“The kindest of bears” is back in the desert after a fruitless search for companionship that took him to 11 different islands, including Lopez.

The adolescent black bear made regional headlines after showing up in places bears hadn’t been seen in decades.

The bear’s five-week trek apparently began on Camano Island in late April.

The bear made the long cold swim to nearby Whidbey Island, where Coupeville residents reported first seeing it on April 29.

Several residents of North Whidbey spotted him as he traveled the island over the next two days.

Ralph Downes, a law enforcement officer with the state Department of Fish and Wildlife, said the bear then swam across Deception Pass to Fidalgo Island. From there he swam to Guemes, Cyprus, Blakely, Orcas, Shaw, San Juan, Lopez and Decatur Islands before returning to the mainland.

Downes said it was likely the bear was looking for a female to hang out with.

“I think he was looking, but I don’t think he was lost,” he said.

The bear was spotted in the Padilla Bay area before visiting more populated areas of Burlington, which is when wildlife experts became concerned. He climbed a tree behind the Home Depot and swam across the river to Mount Vernon.
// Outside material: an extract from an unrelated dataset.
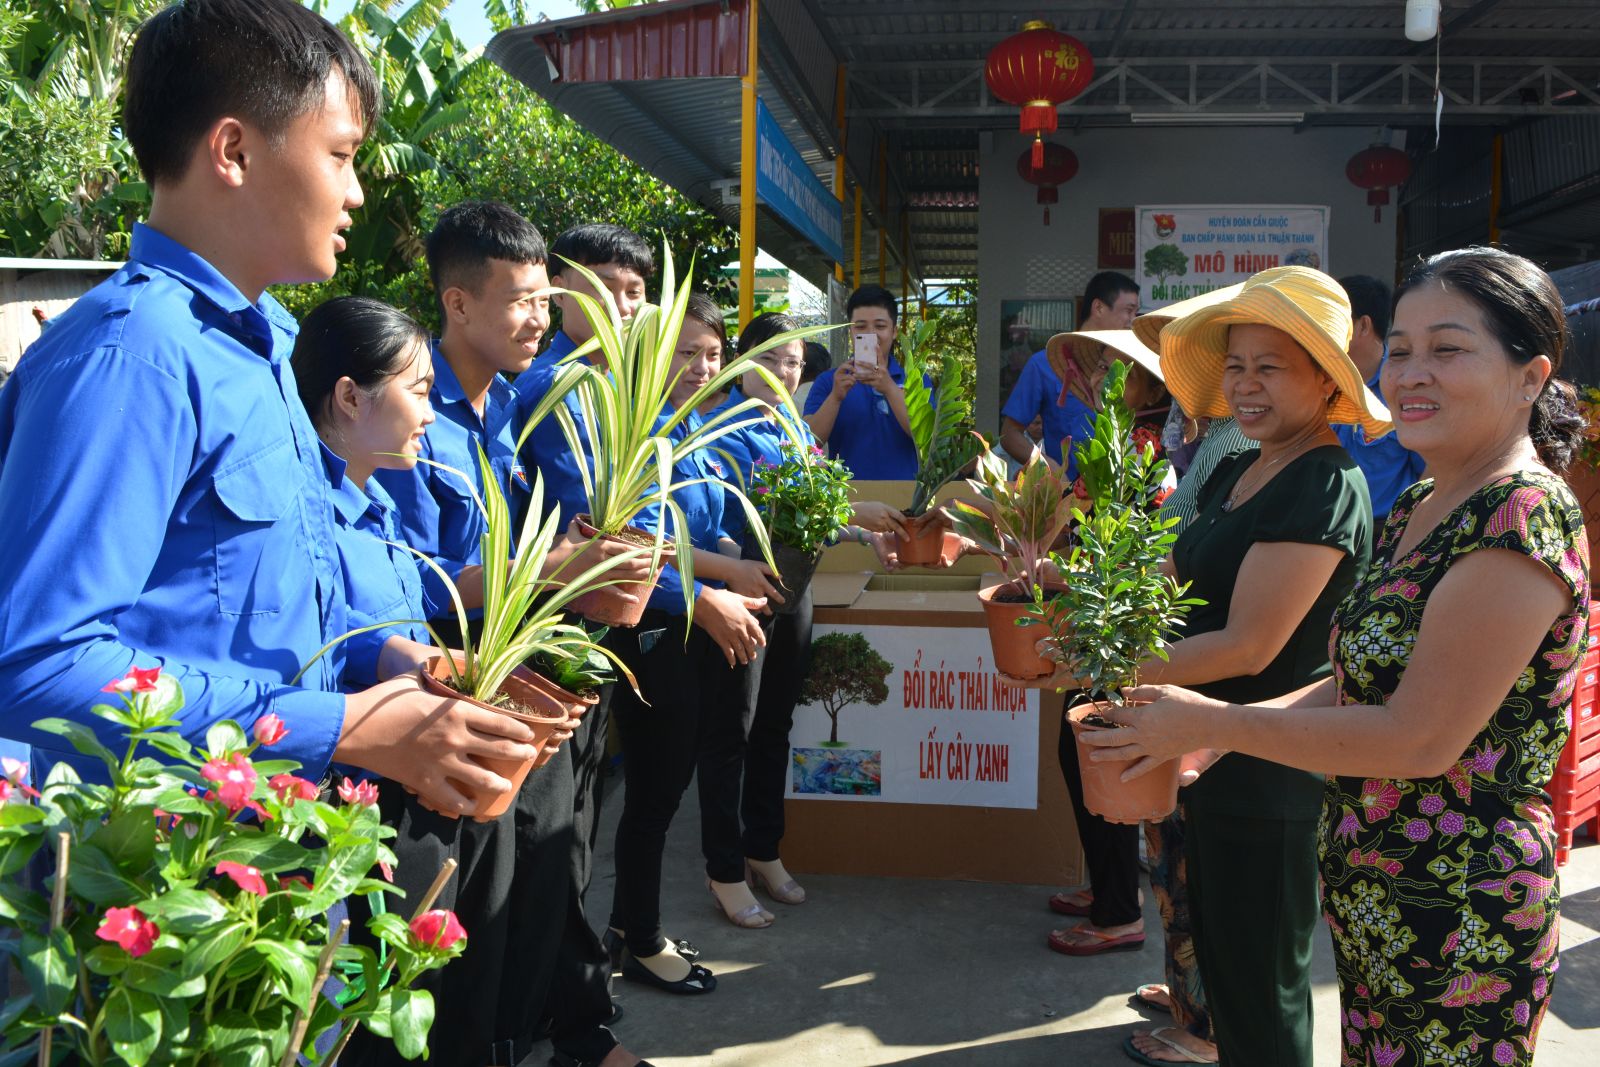 Mô hình Đổi rác thải nhựa lấy cây xanh của Đoàn Thanh niên xã Thuận Thành

On Saturday, Fish and Wildlife officers tranquilized the bear and moved it. Downes said he hadn’t been able to see the animal first hand, but fellow law enforcement officers were surprised by the bear’s gentleness and good nature.

“They said it was the nicest bear they had ever met,” he said.

In fact, Downes said the bear showed no aggression towards anyone during its long trek. The only problems he caused were breaking a few bird feeders to access the seeds and digging through a trash can or two.

Downes initially estimated the pubescent bear at around 300 pounds, but other officers guessed it weighed around 250 pounds when captured. The difference, Downes speculated, could be due to all the calories burned on his travels.

The bear’s travels took him on a big loop, Downes said, and eventually got trapped a few miles from where he started. He was sent home and released into the wilderness of northern Snohomish County.

Downes said he hoped the bear would find a companion in the wild to quell his wanderlust.